Devido ao stress constante no trabalho e a cadeia de desapontamentos ocorridos naquele ambiente, alterações passaram a ocorrer em meu corpo físico e em minha estrutura psíquica. Passei a sentir dores no corpo, caroços apareceram em meu pescoço e membros, não conseguia me concentrar nos estudos ou nas atividades diárias, sentia uma irritação nos vários ambientes que convivia e muito mais. Diante desta situação, procurei um clínico geral que na ocasião me receitou um antidepressivo. Como eu não tinha consciência do meu real estado e o próprio médico me informou que poderia interromper o medicamento, assim aconteceu. Após a primeira caixa parei o uso.


Com o passar dos meses eu percebia minha situação piorando até uma certa segunda-feira, manhã de abril de 2017 acordar com meu corpo todo dolorido, com os nervos e tendões rígidos. Nesta mesma ocasião procurei um psicólogo na lista de meu convênio, logo em seguida fui ao pronto atendimento, o médico de plantão me receitou um relaxante muscular mas perguntou se poderia me encaminhar para um psiquiatra porque meu caso claramente não era físico. Eu aceitei o encaminhamento e agendei no mesmo dia uma consulta para semana seguinte.


Após este episódio, no outro dia tentei trabalhar normalmente, no meio do expediente após atritos com meu superior hierárquico, uma intensa carga de trabalho, um cliente me provocou e não aguentei. Larguei meu posto, liguei para meu chefe, disse que estava indo embora. Sai pela porta da empresa, entrei no carro, chorei amarguradamente, por quase meia hora, não entendia o porque chorava, não conseguia parar. Na ocasião ao chegar em casa, minha esposa pensou que eu havia brigado com alguém pelo meu aspecto físico. Passei o resto do dia chorando. Como minhas consultas com a psiquiatra e com a psicóloga estavam marcadas para próxima semana, diariamente ao acordar era tomado por uma emoção muito forte, tentava me aprontar para o trabalho mas ao colocar a mão na maçaneta da porta já começava a chorar. Durante os dias que antecederam minha consulta agendada, precisei ir ao pronto atendimento diariamente para tomar medicamentos e ficar em casa. Na consulta com a psiquiatra pelo meu estado de pertubação fui afastado por 15 dias até o retorno no consultório.
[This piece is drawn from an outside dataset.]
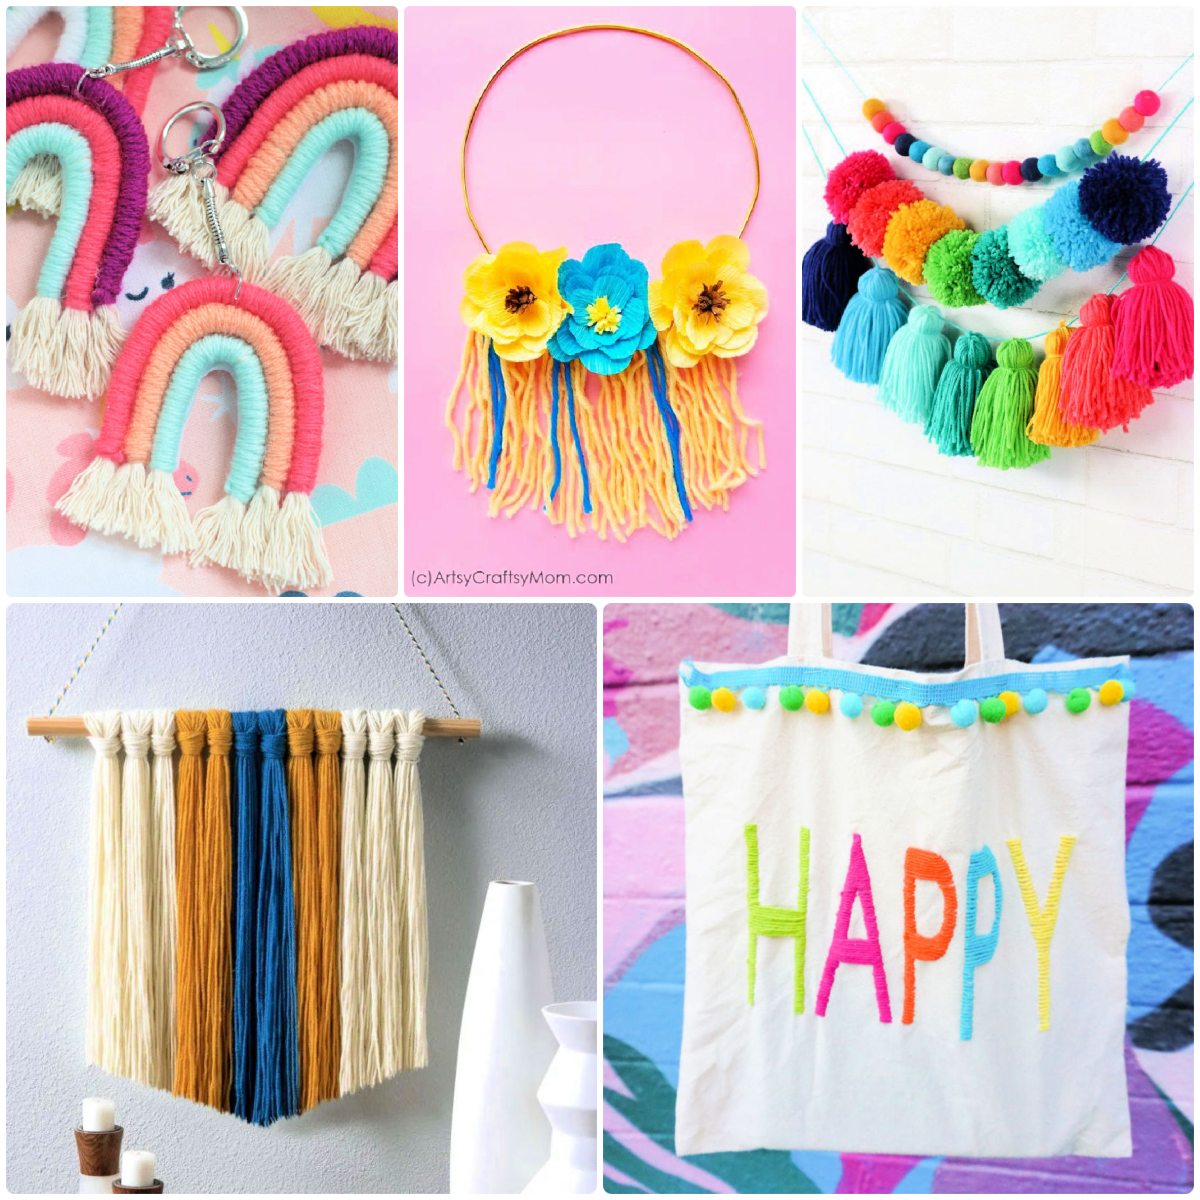 30 Easy Yarn Crafts for Make Creative Things - Craftulate

Os acompanhamentos com a psiquiatra e com a psicóloga duraram meses e fiquei afastado do trabalho durante este período. Foi exatamente neste intervalo de tempo que o medicamento inicial foi aumentado a cada consulta, trocado por outro mais forte que também teve a dosagem aumentada por várias vezes. Passei a apresentar com a depressão quadro generalizado de pânico.


Para exemplificar o que sentia, compartilho alguns momentos com vocês e se por algum motivo você está lendo isto de forma desacreditada, pare por aqui! Estou expondo situações íntimas com intuito de talvez ajudar alguém.


a) Eu passei a ter medo de sair do apartamento que morava, tinha a impressão que nas janelas do condomínio vizinho, estaria um de meus chefes ou cliente me observando ou filmando.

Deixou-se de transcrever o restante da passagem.